(Records supplied Opens)

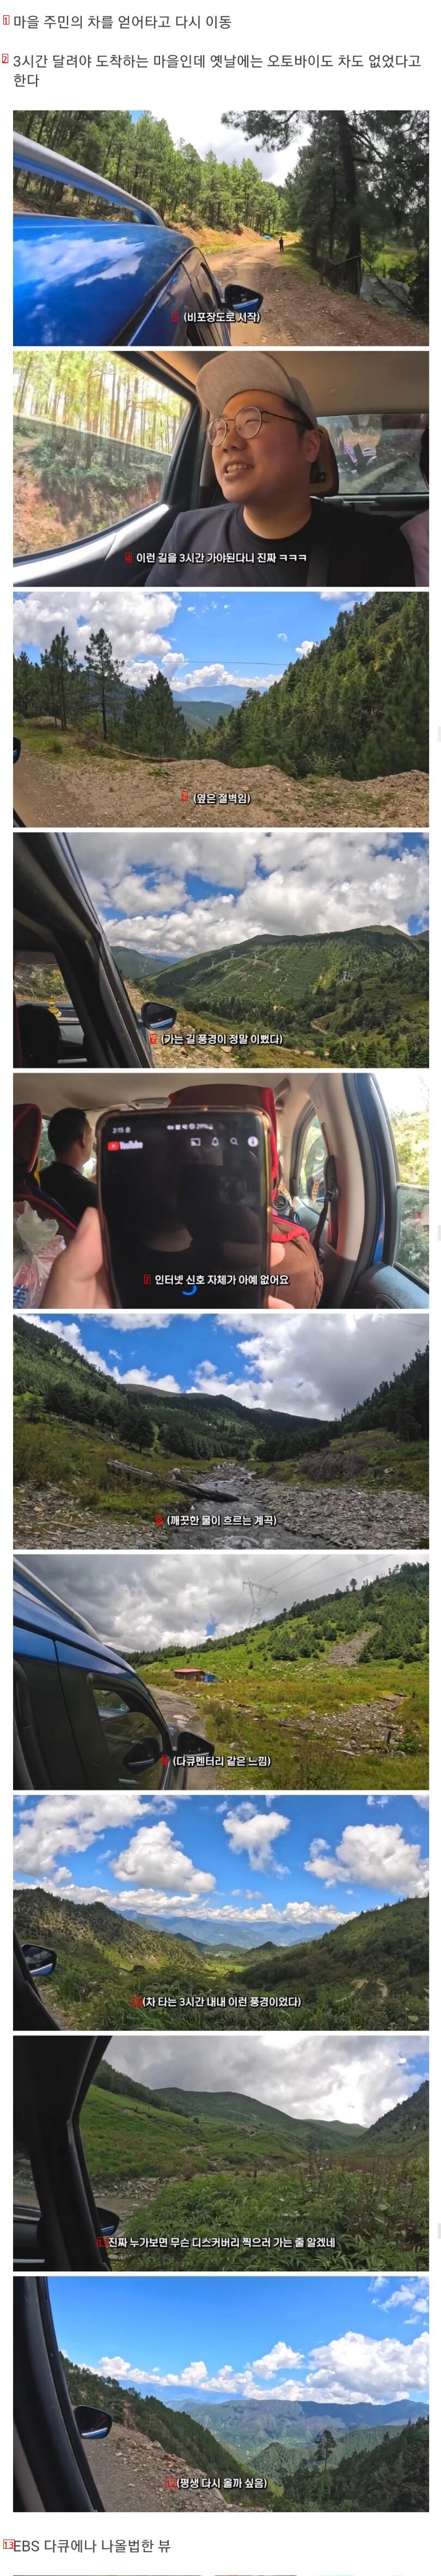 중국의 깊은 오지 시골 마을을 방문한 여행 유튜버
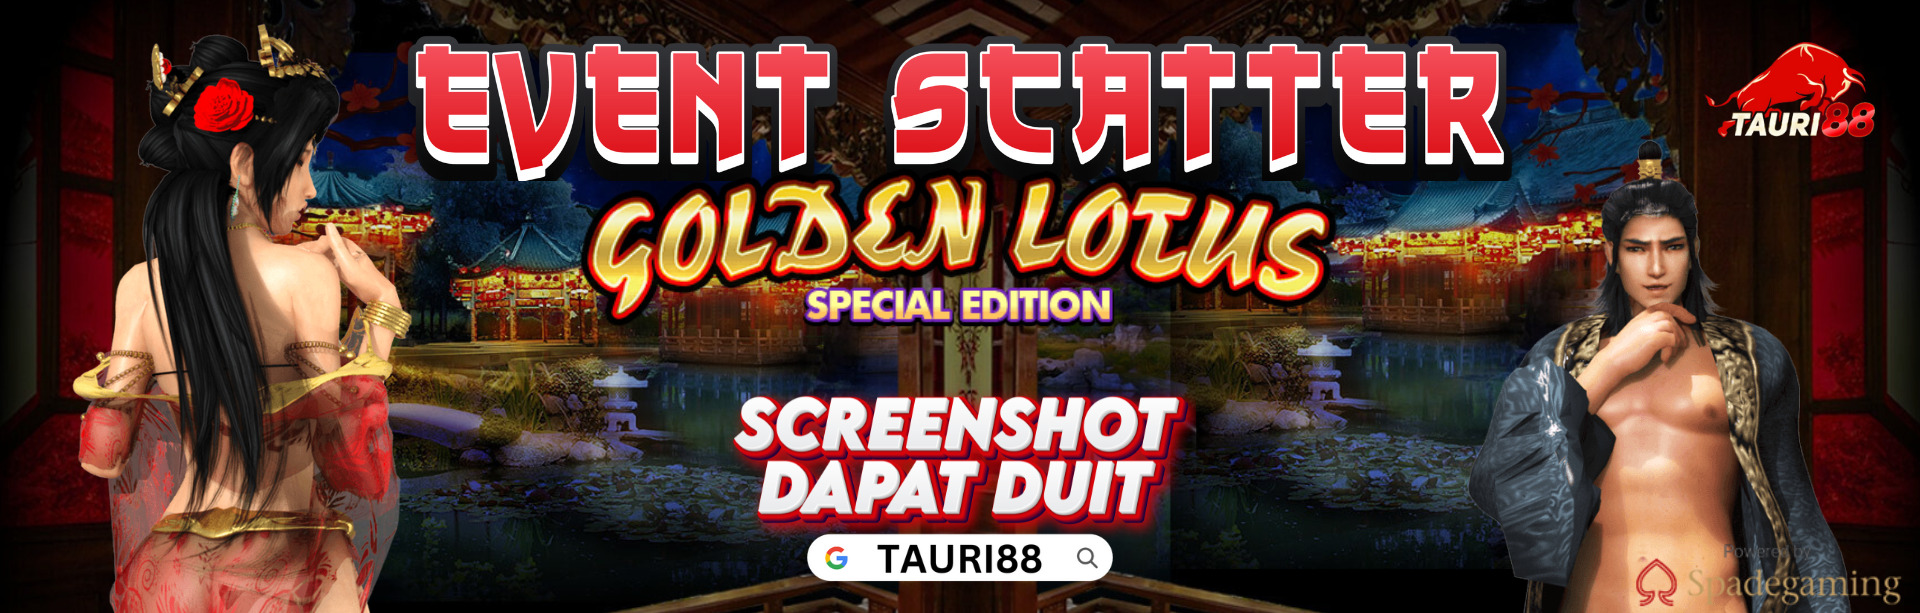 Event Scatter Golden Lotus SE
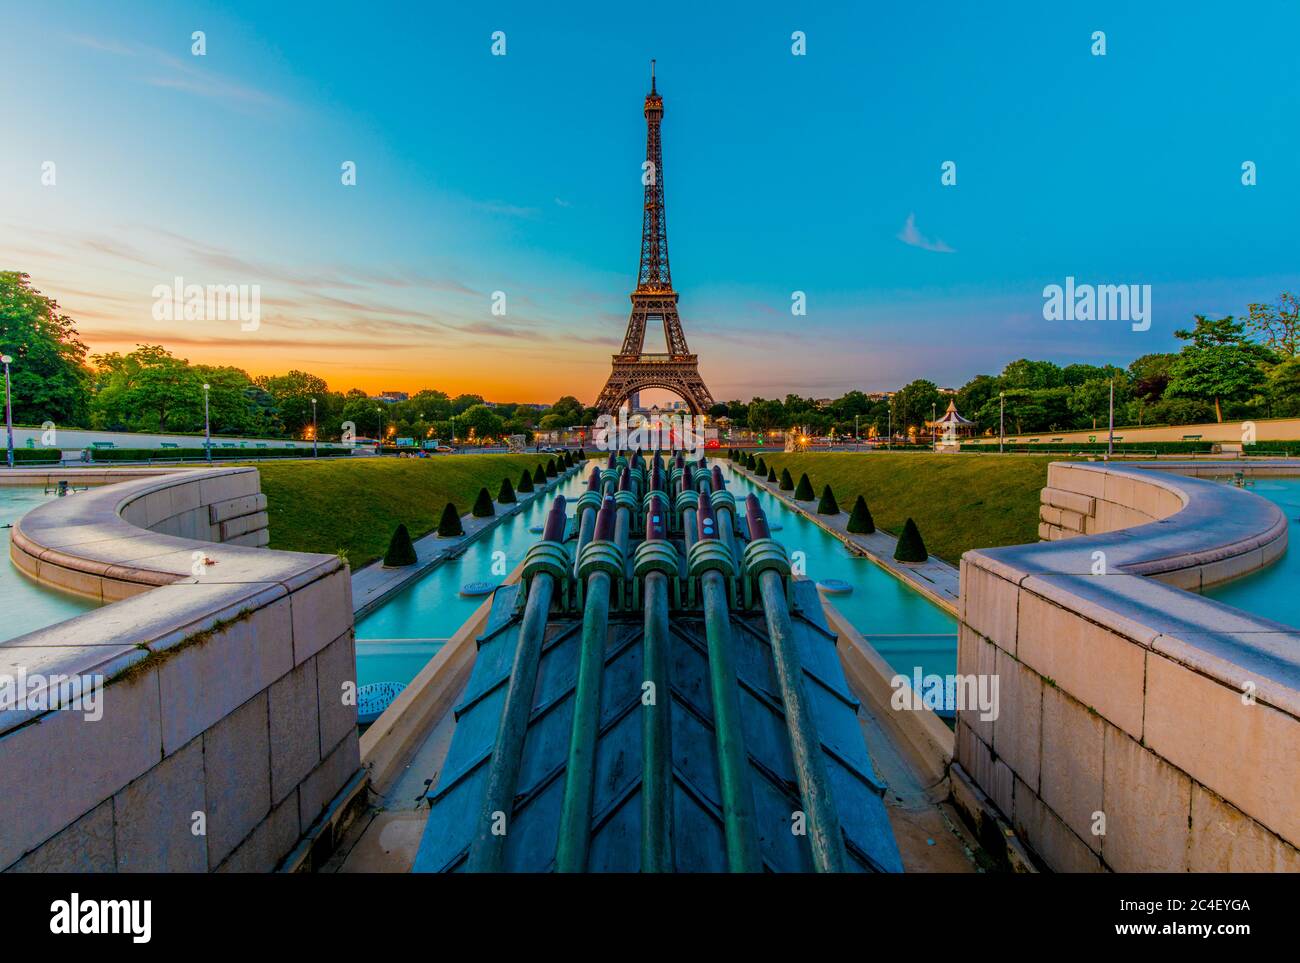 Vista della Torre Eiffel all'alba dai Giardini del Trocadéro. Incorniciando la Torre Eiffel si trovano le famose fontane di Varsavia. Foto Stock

(Records supplied Closes)
(Records supplied Opens)

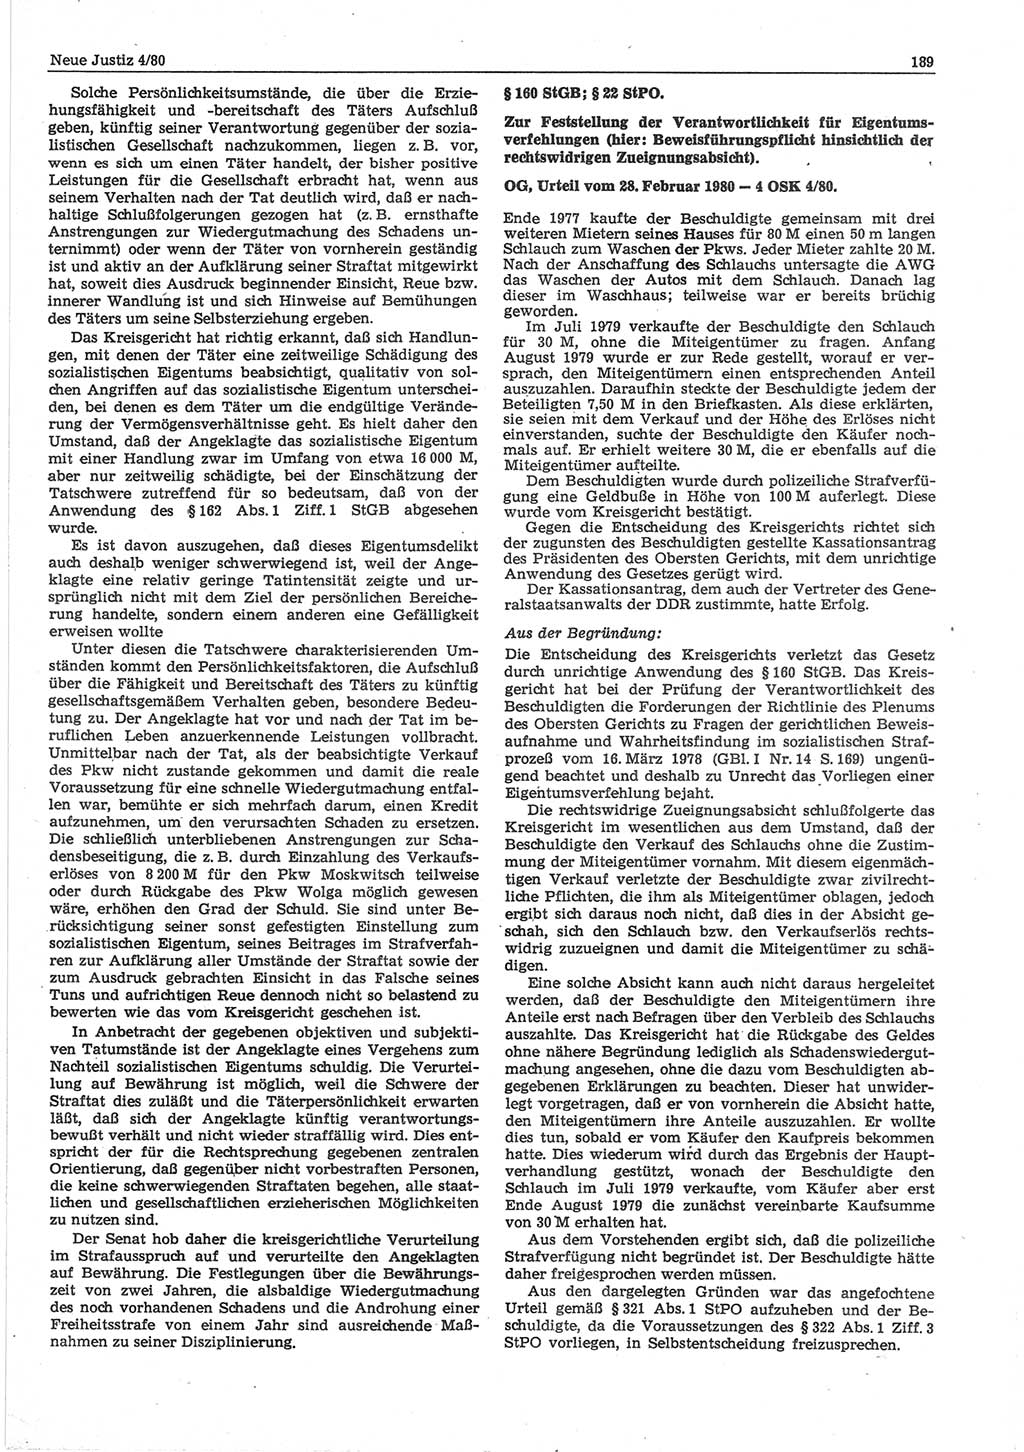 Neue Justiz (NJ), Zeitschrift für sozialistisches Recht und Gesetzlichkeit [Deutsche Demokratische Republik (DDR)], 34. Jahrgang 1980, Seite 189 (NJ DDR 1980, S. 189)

(Records supplied Closes)
(Records supplied Opens)

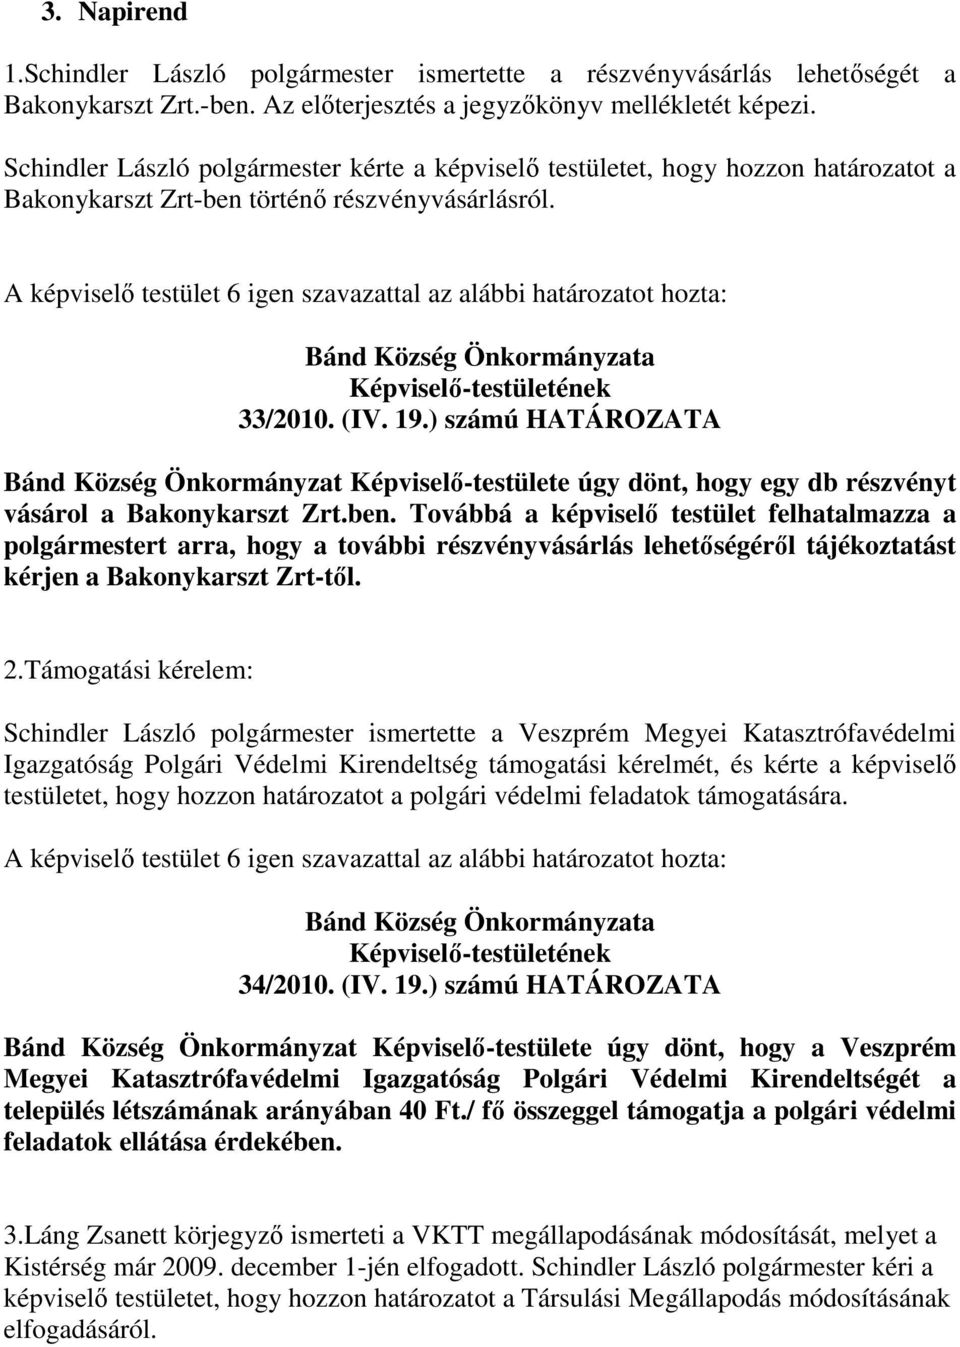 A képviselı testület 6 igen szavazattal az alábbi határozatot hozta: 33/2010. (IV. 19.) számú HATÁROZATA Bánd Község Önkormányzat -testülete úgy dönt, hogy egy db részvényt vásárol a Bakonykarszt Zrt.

(Records supplied Closes)

Set the pictures aside and reproduce exactly the lines above, from the line holding "Event Scatter Golden Lotus SE" through the line holding "Vista della Torre", both included, with nothing else.

> [Task answer]
 Event Scatter Golden Lotus SE
 Vista della Torre Eiffel all'alba dai Giardini del Trocadéro. Incorniciando la Torre Eiffel si trovano le famose fontane di Varsavia. Foto Stock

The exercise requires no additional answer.